Knee injuries are one of the common sports injuries, and it’s often the anterior cruciate ligament (ACL) that suffers the damage. ACL injuries are especially worrisome here at Siatta Dunbar, DO, CAQSM Sports Medicine because they’re notoriously difficult to heal, they often lead to an early retirement from sports, and they’re on the rise among soccer players.
We’re dedicated to helping our patients avoid ACL injuries by encouraging them to engage in preventive training using the FIFA 11+ program. Why? Because ACL injuries are not random accidents that occur during unpredictable contact during the game.
Most ACL injuries occur during non-contact movements, such as sudden deceleration, sidestepping, cutting, pivoting, and landing a jump the wrong way. The FIFA 11+ program focuses on developing the strength and form you need to prevent non-contact ACL injuries.
Why ACL injury prevention is critical
No one wants to suffer an injury. And if you play sports at any level, there’s no doubt you appreciate the importance of preventing injuries. But ACL injuries are especially worrisome because you’re at risk of:
Sustaining extensive knee damage
When your ACL tears, chances are your injuries extend to other structures in the joint. More than half of all patients with an ACL injury end up with damage to the articular cartilage, meniscus, and other ligaments in the joint. You may also develop bruises on the bone below the cartilage.

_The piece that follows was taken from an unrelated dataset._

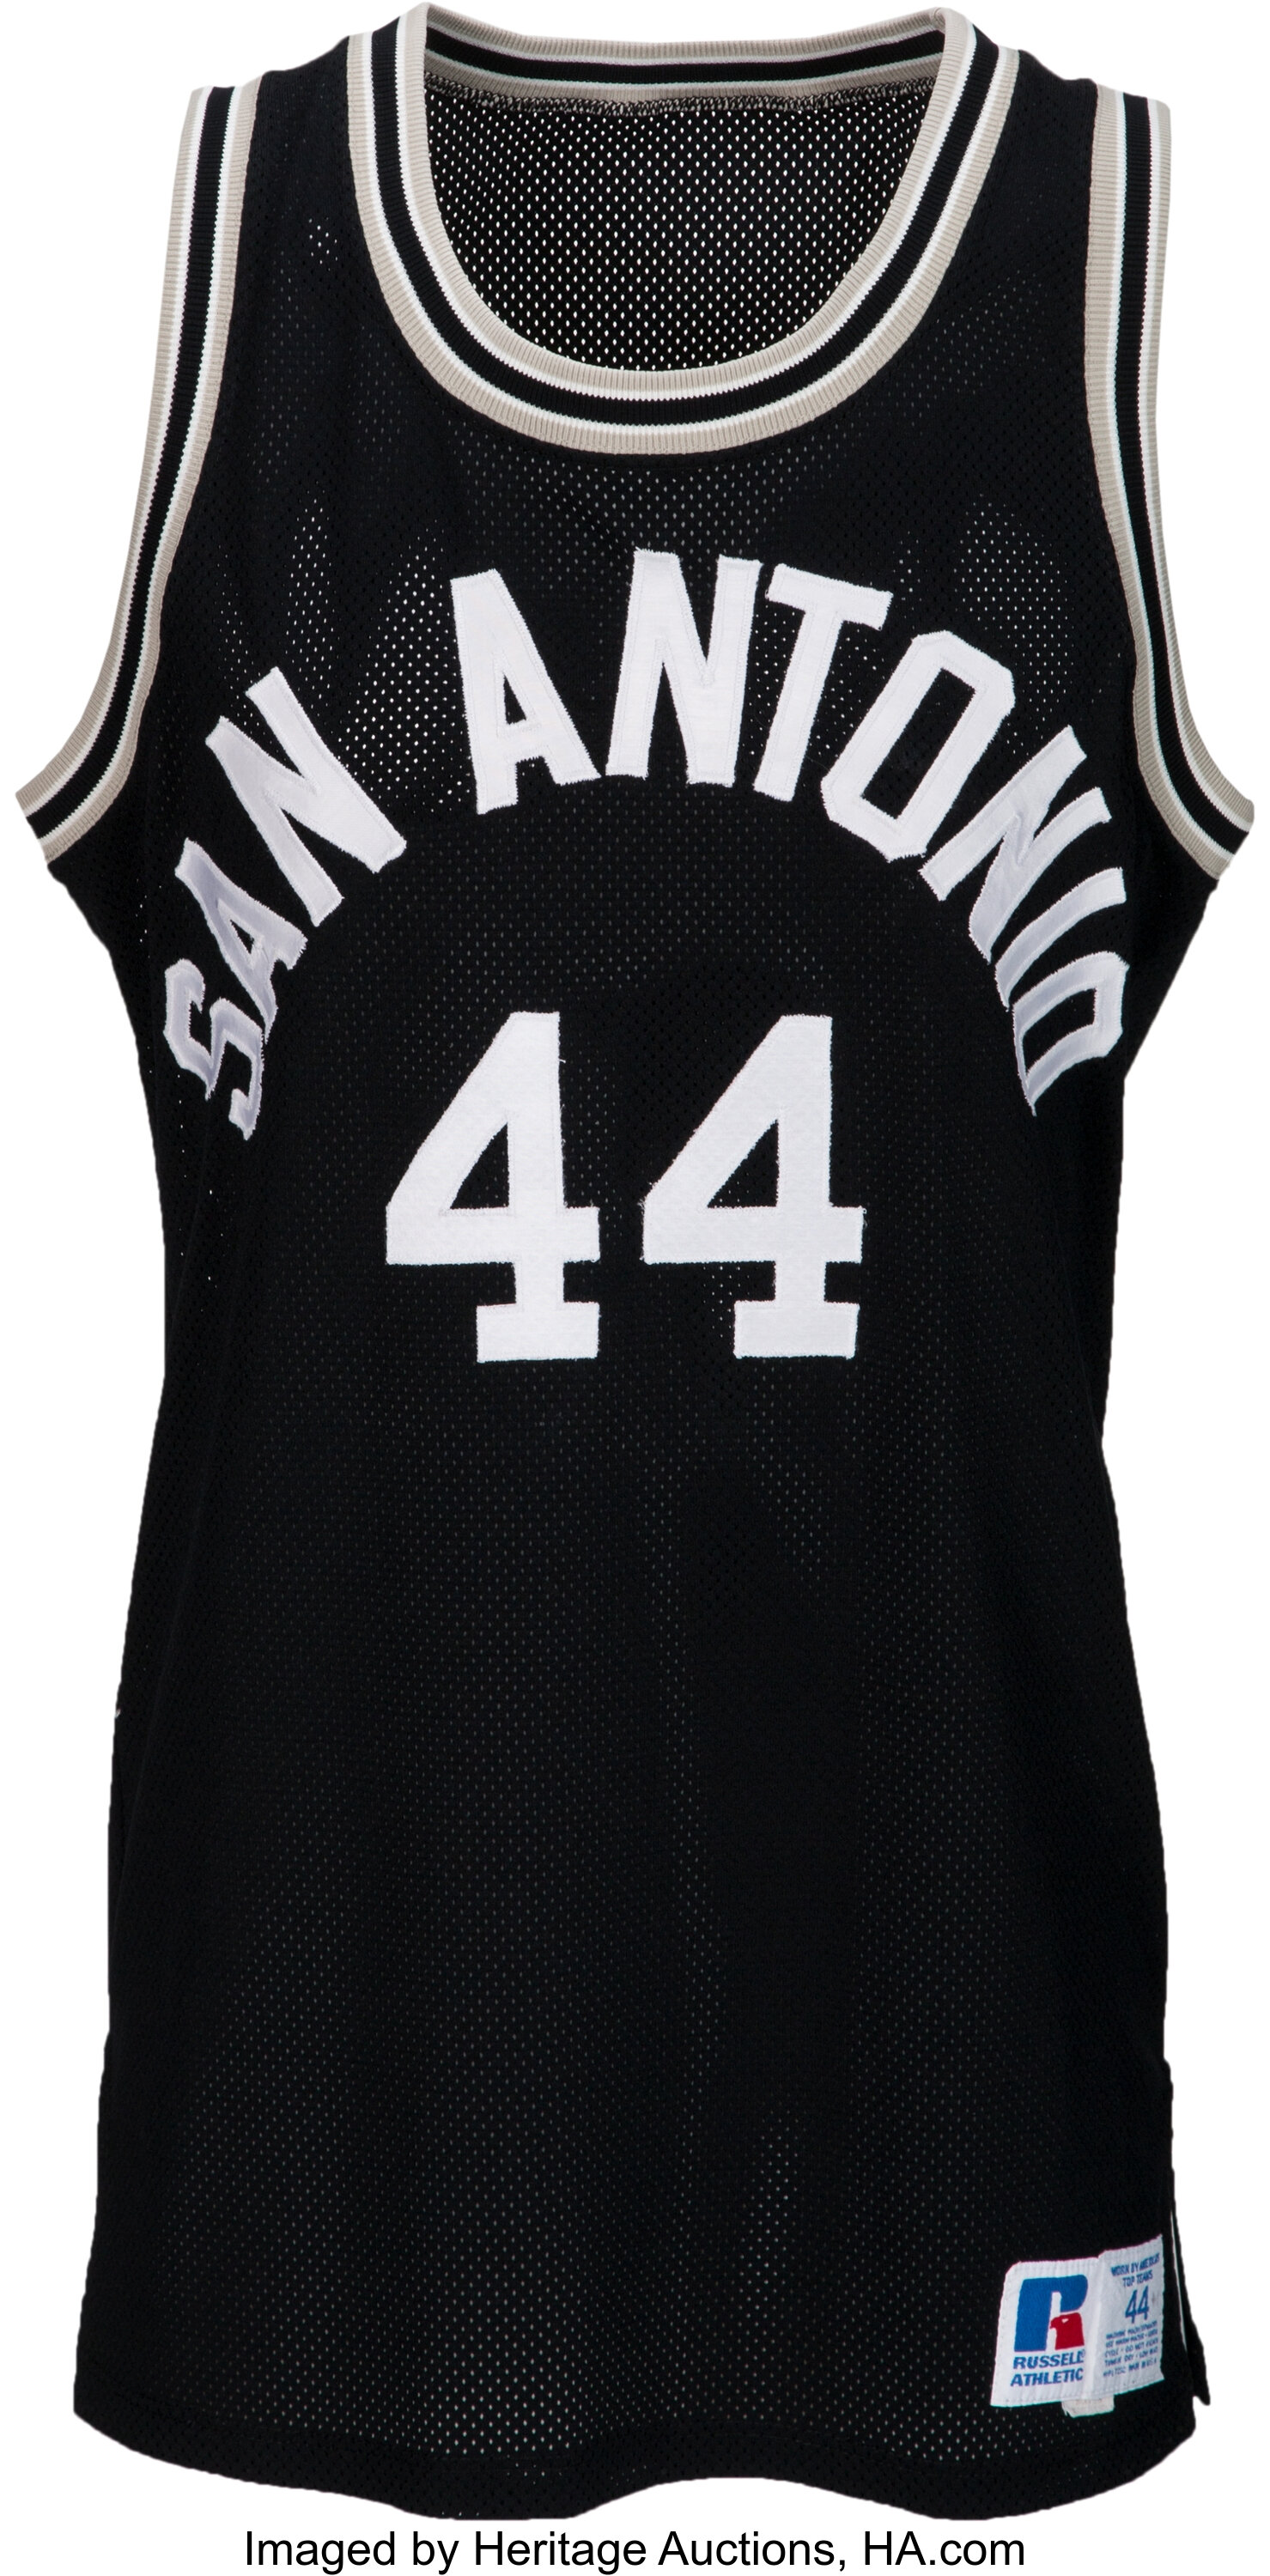 San Antonio Spurs Jerseys & Gear.
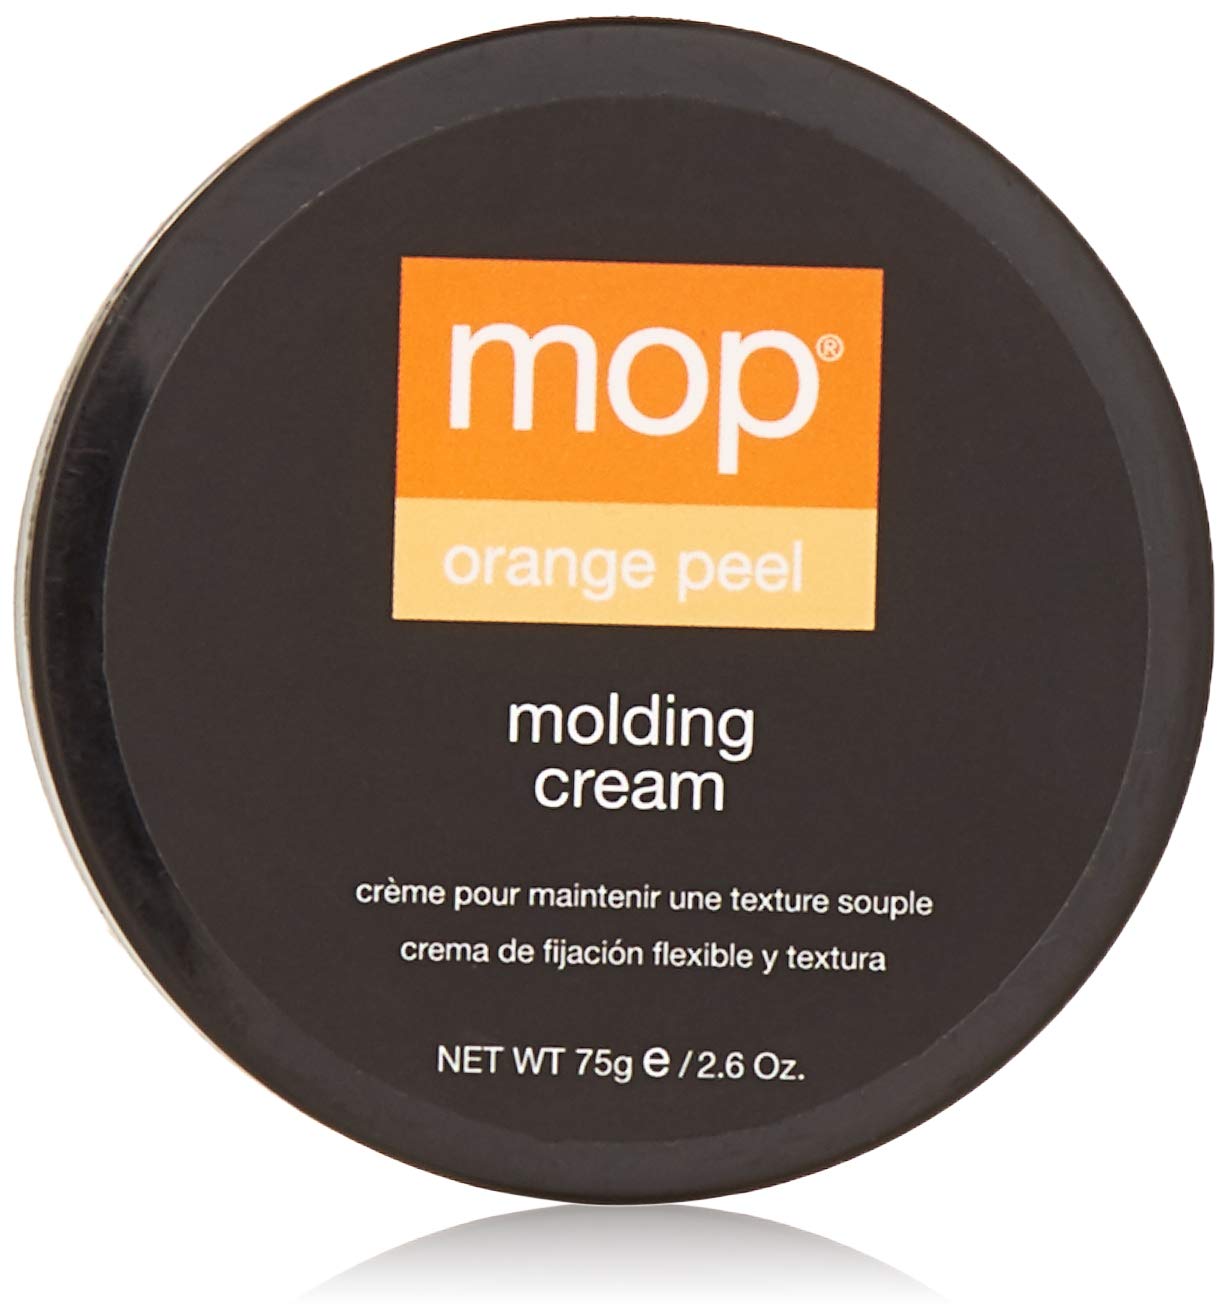 MOP Orange Peel Molding Cream, 2.6 Oz., Adds Texture & Depth with a Medium, Matte Finish

Needing surgery to restore the ligament
A partially torn ACL doesn’t always require surgery to heal, yet without surgery, you’re at risk for ongoing instability, pain, and a higher chance of reinjury. However, if your ACL is completely ruptured, chances are you need surgery to ensure optimal healing. Whether your injury requires surgery depends on variables like your age and the type of activity or sport you want to get back to playing.
Reinjuring your knee
After your initial ACL injury, chances are high that you’ll suffer a reinjury. Even with surgical repair, 20% of athletes have a second ACL injury within two years, and career athletes spend more time on the disabled list.
FIFA 11+ program basics
A group of international experts at FIFA’s Medical Assessment and Research Centre evaluated the mechanisms and risks leading to ACL injuries to develop the FIFA 11+ program. The exercises, which don’t require special equipment, should be performed in every training session. You should also run through a shortened version before each game.
When you use the program, it’s important to pay attention to proper form and follow the precise sequence of exercises. Studies show that players who follow these basics and use the program at least twice a week had 37% fewer training injuries and 29% fewer injuries during the game. Additionally, severe injuries were reduced by about 50%.
The key elements of injury prevention are core strength, neuromuscular control and balance, and plyometrics and agility. While all three are essential for preventing ACL injuries, plyometrics are especially valuable because they train you how to move in a biomechanically correct manner, strengthening your muscles and ligaments so they’re better prepared to protect the ACL.
FIFA 11+ exercises
The FIFA 11+ program has three parts, and each contains a list of specific exercises. The exercises aren’t new, but the FIFA 11+ program is the first time these specific exercises have been put together, creating a standard warm-up that effectively prevents ACL injuries.
For each exercise, you learn the proper form as well as vital tips that help you avoid body mechanics that place stress on your knees. Here’s a brief look at the three parts.
Part 1: Running exercises at low speed
You master six exercises during part one, including controlled contact and running while stopping to perform movements.
Part 2: Muscle strength, plyometrics, and agility
You work through bench exercises designed to strengthen your core, leg, and gluteal muscles. Then you follow a regimen of active exercises that improve coordination, balance, and movement control. You also perform exercises to build body stability during quick movements.
Part 3: Running exercises at moderate or high speed
During Part 3, you combine moderate-to-high speed running with bounding and planting and cutting movements.